I have no illusions; I know that many killers know no remorse. Nor am I naive when it comes to knowing the evils some have committed or are capable of doing. On the contrary, I am acutely aware of horrific details most people never will know. But those are not acts to be avenged; they are tragedies to be forgiven. The ability to recognize ourselves in those we incarcerate will lead society to effective preventive and rehabilitative measures.

The capacity to kill is within each of us. The difference is that some people have developed either a social, moral or ethical barrier to doing it and others, because of their life experiences, have not. Losing control of emotions is precisely why people are on death row -- and it is also the weakness that leads this country to execute them.
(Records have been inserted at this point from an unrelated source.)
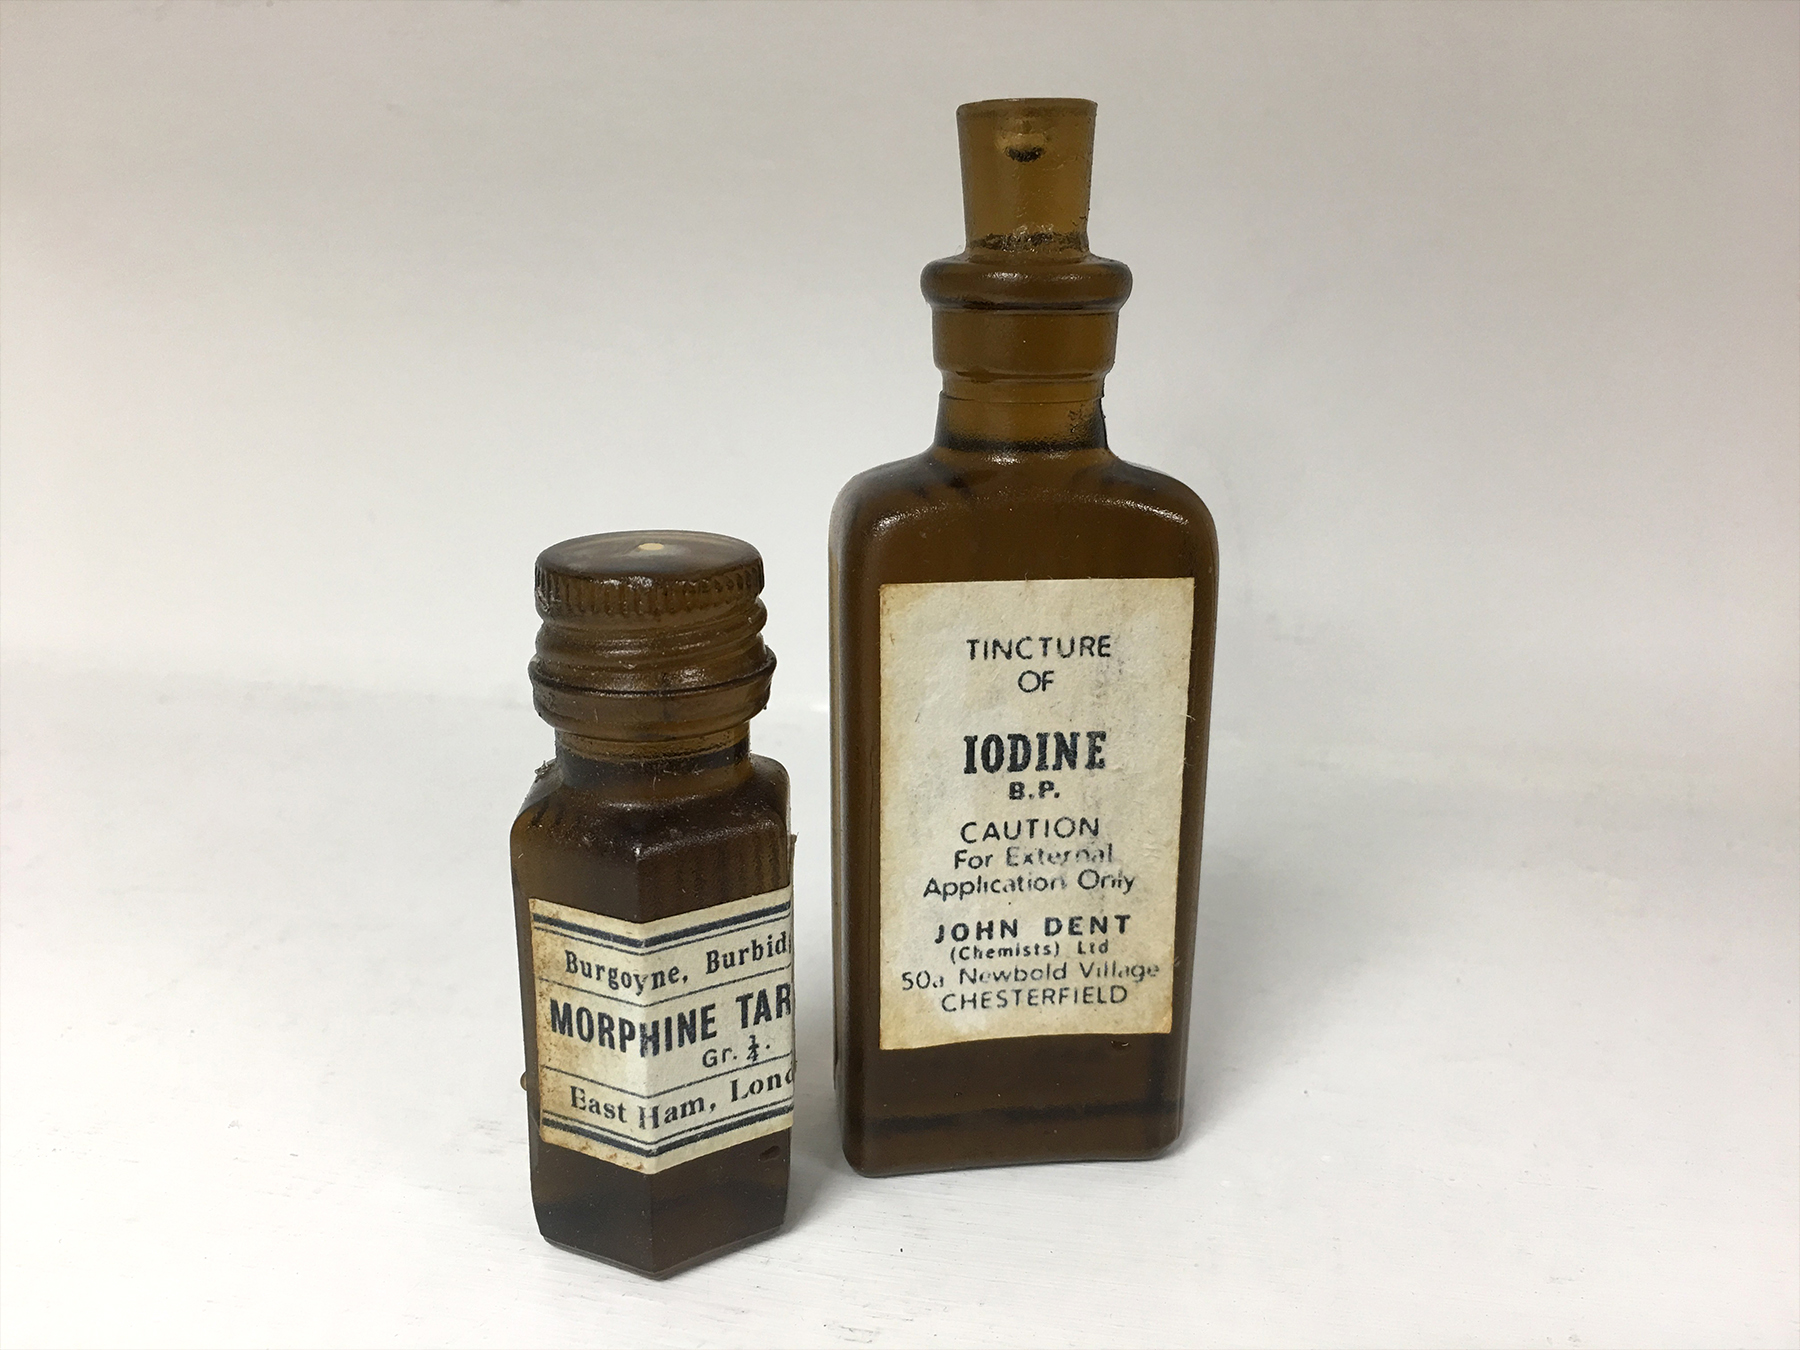 1917 – Medicine bottles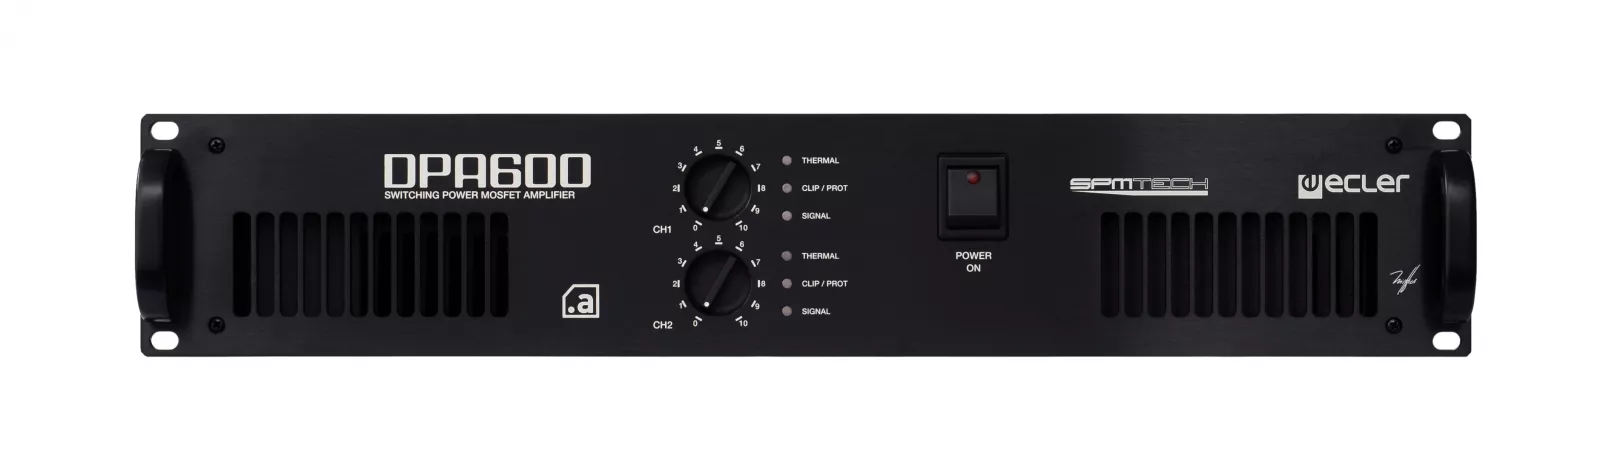 Amplificator Ecler DPA 600, [],audioclub.ro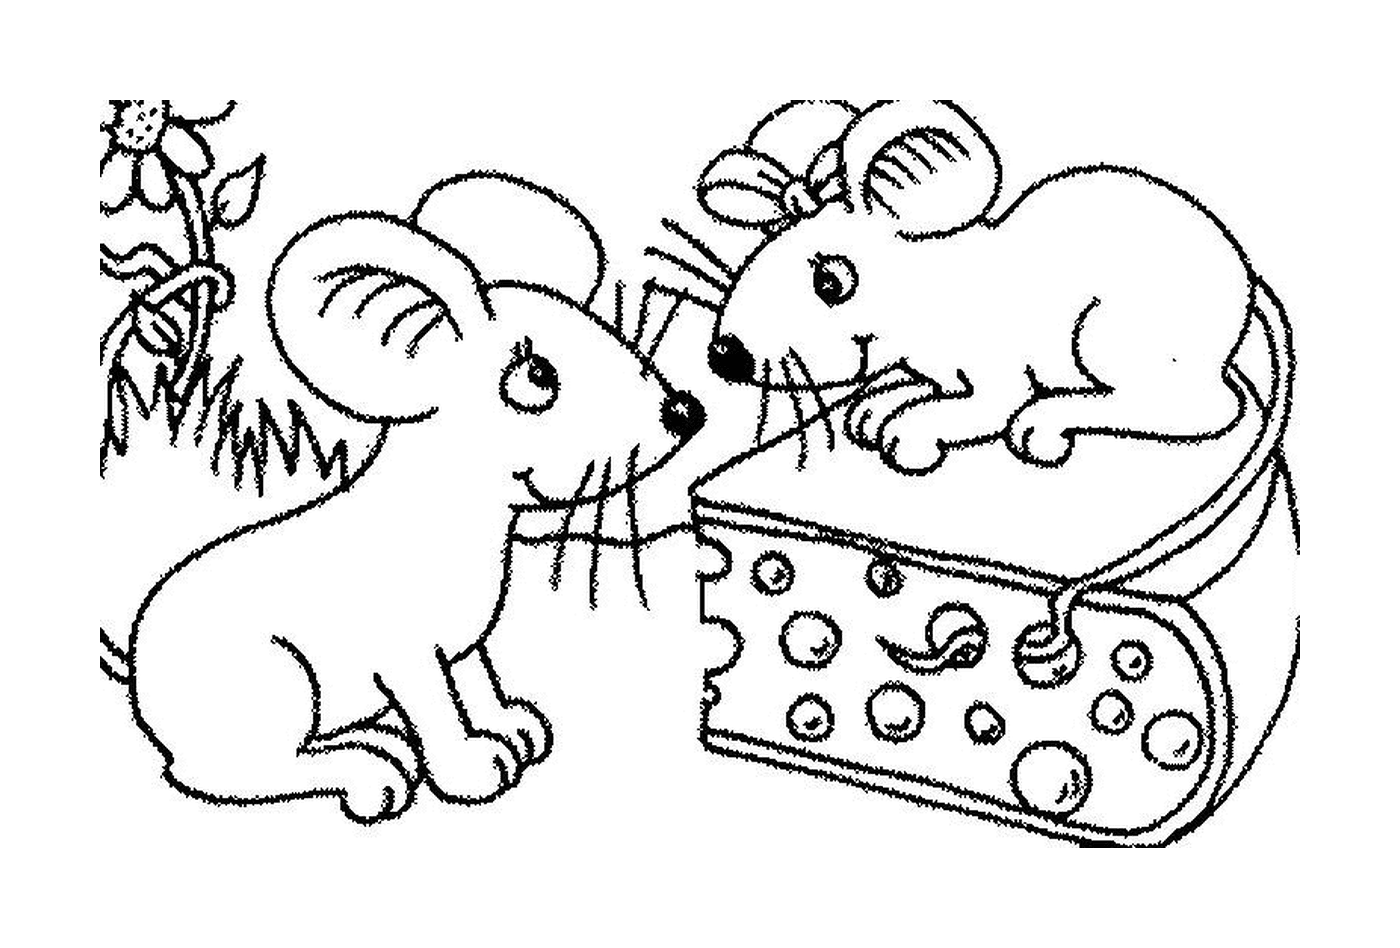  两只老鼠和一块奶酪 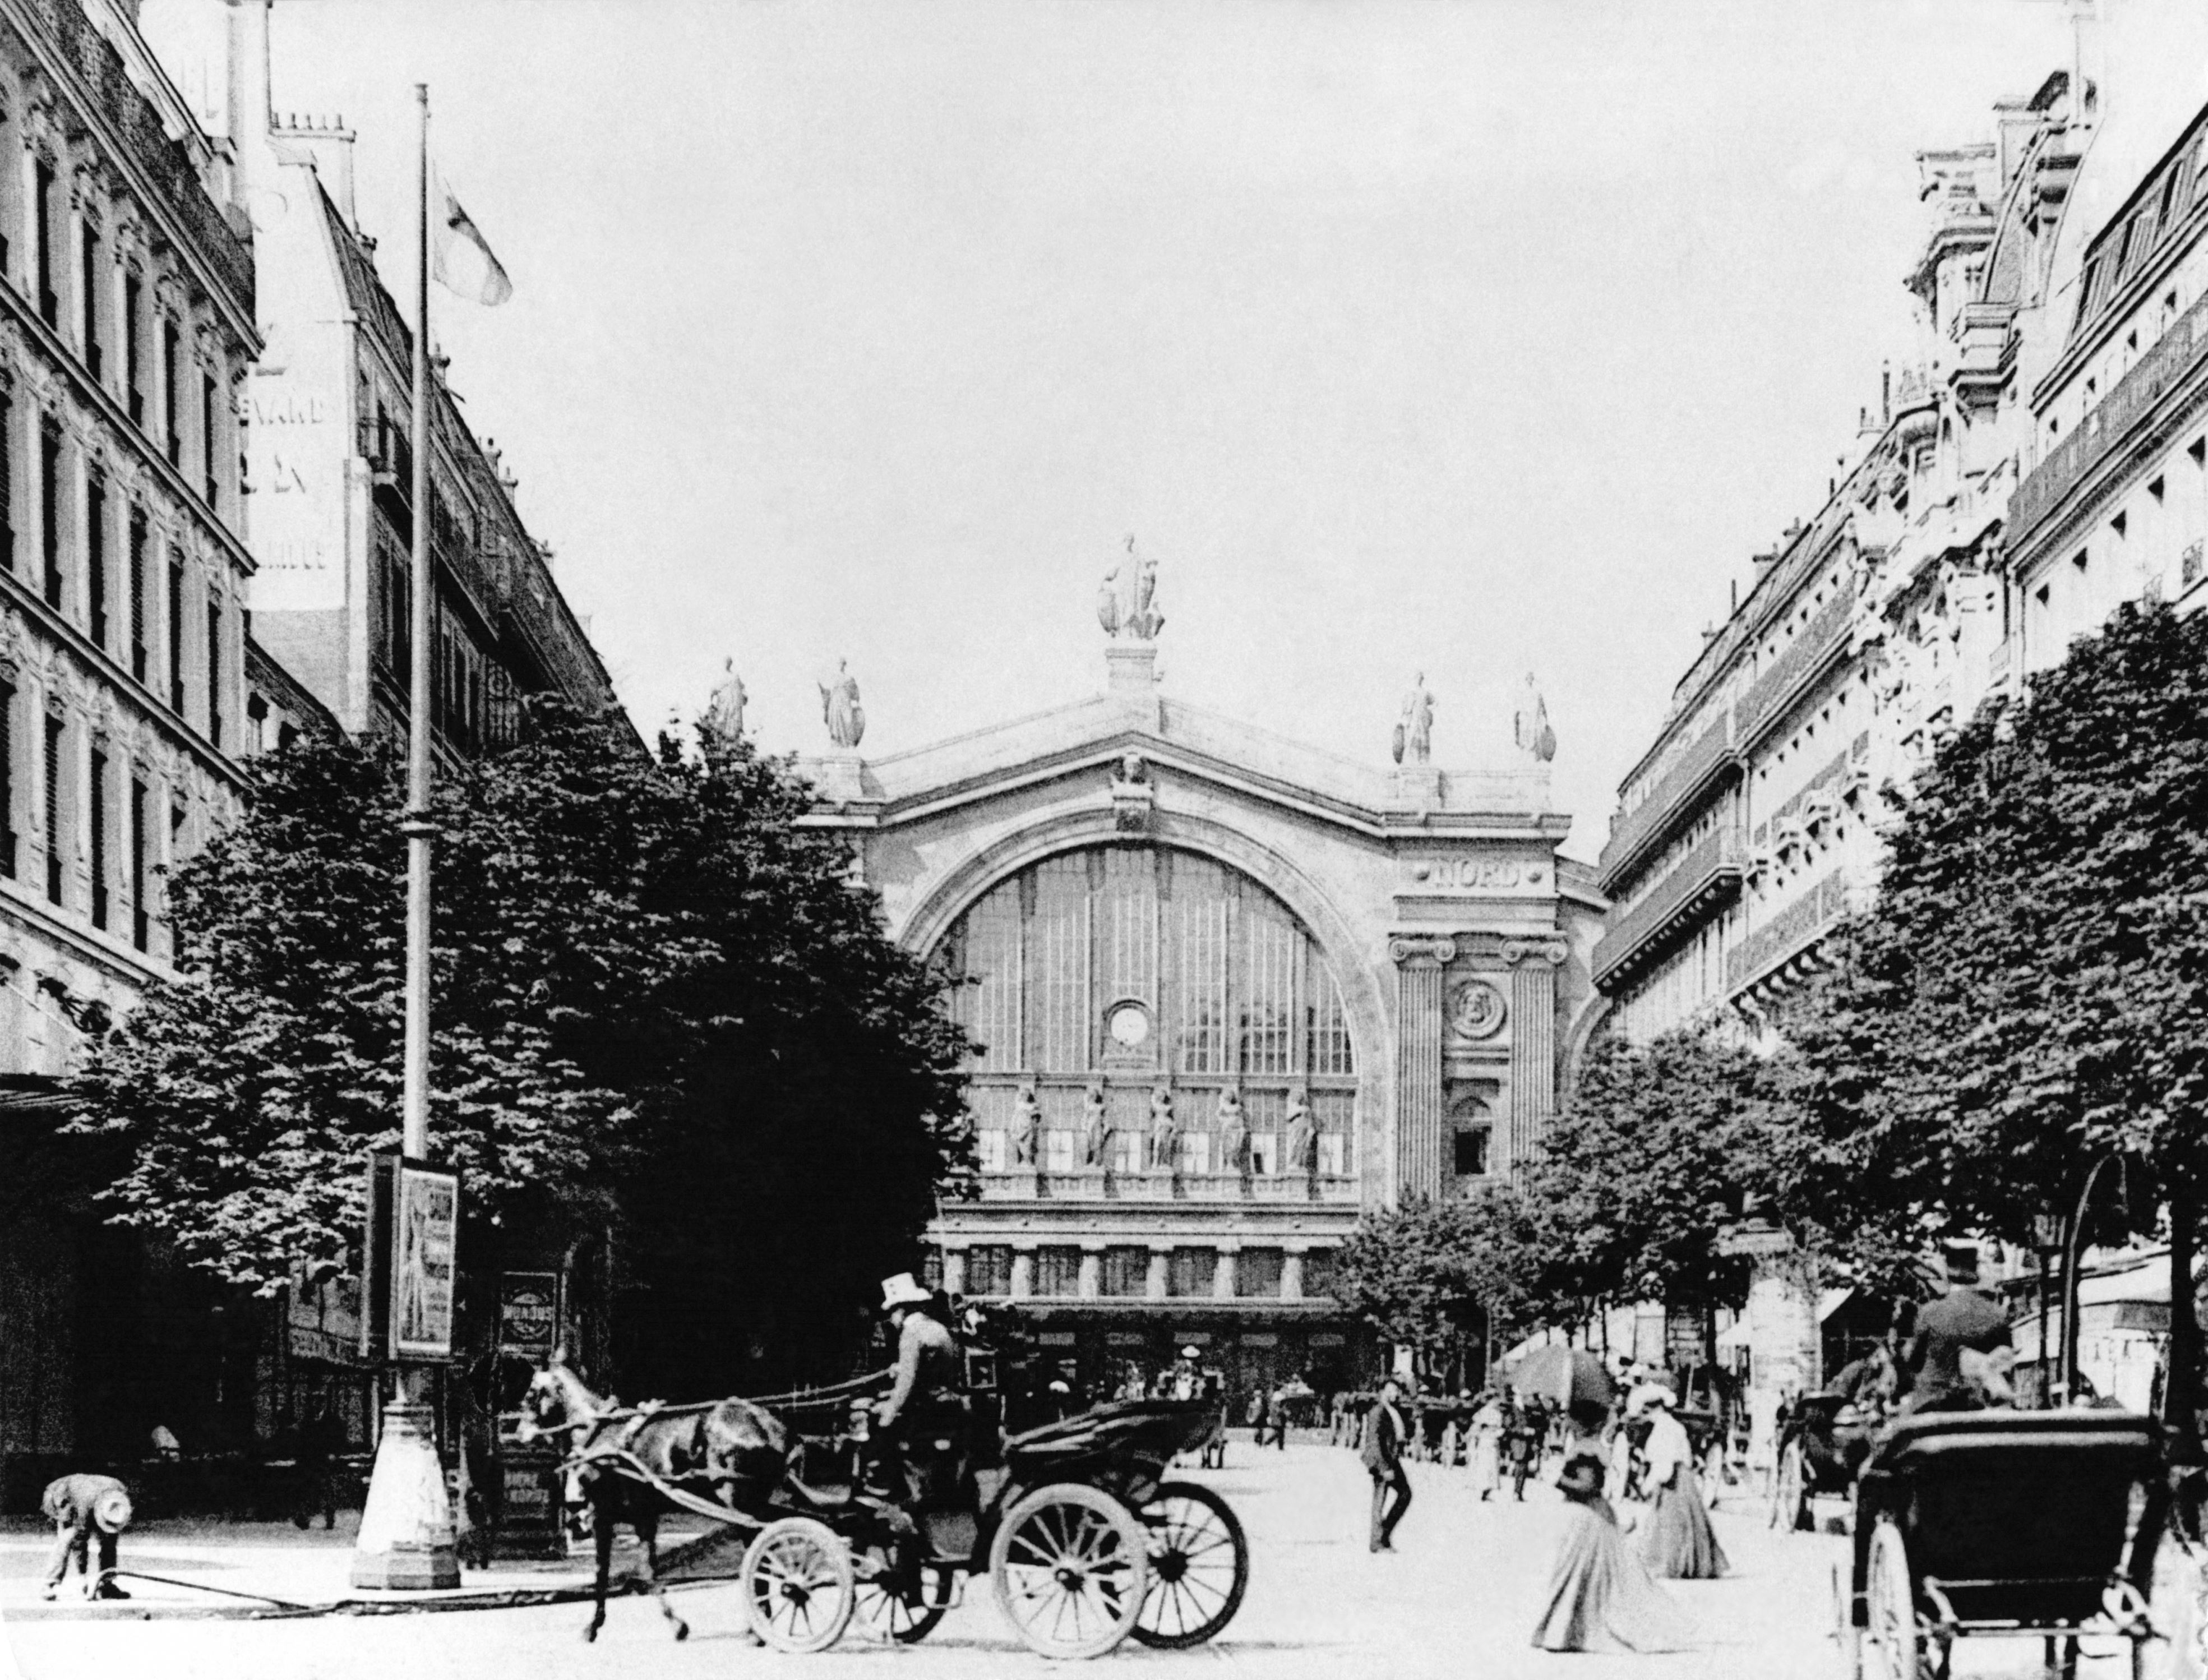 Slide 4 of 29: Vue de la gare du Nord à Paris au XIXè Siècle, France. (Photo by API/Gamma-Rapho via Getty Images)

To permit emotionalism to rule our system of justice is to act with the same motives that led many of these people to kill.

Death watch

The cycle of violence must be stopped. Legitimized killing, dignified in a clean, clinical setting approved by the law is no less than the premeditated killing we say we reject. The cruelty of the final phases of the death penalty is manifold: the incredibly small death-watch cell; the restrictive visitation rules; the method of death; the often morbid mayhem of gatherers outside the prison.

Society can abhor the evil and prevent these killers from committing murder again while simultaneously recognizing their humanness and protecting ours. The death penalty changes us. It appeals to our dark nature. It weakens us. It creates wounds that will never heal.


Christine Smith is a professional writer, author, and environmental/social justice activist; her articles have appeared in numerous magazines & newspapers nationally and internationally.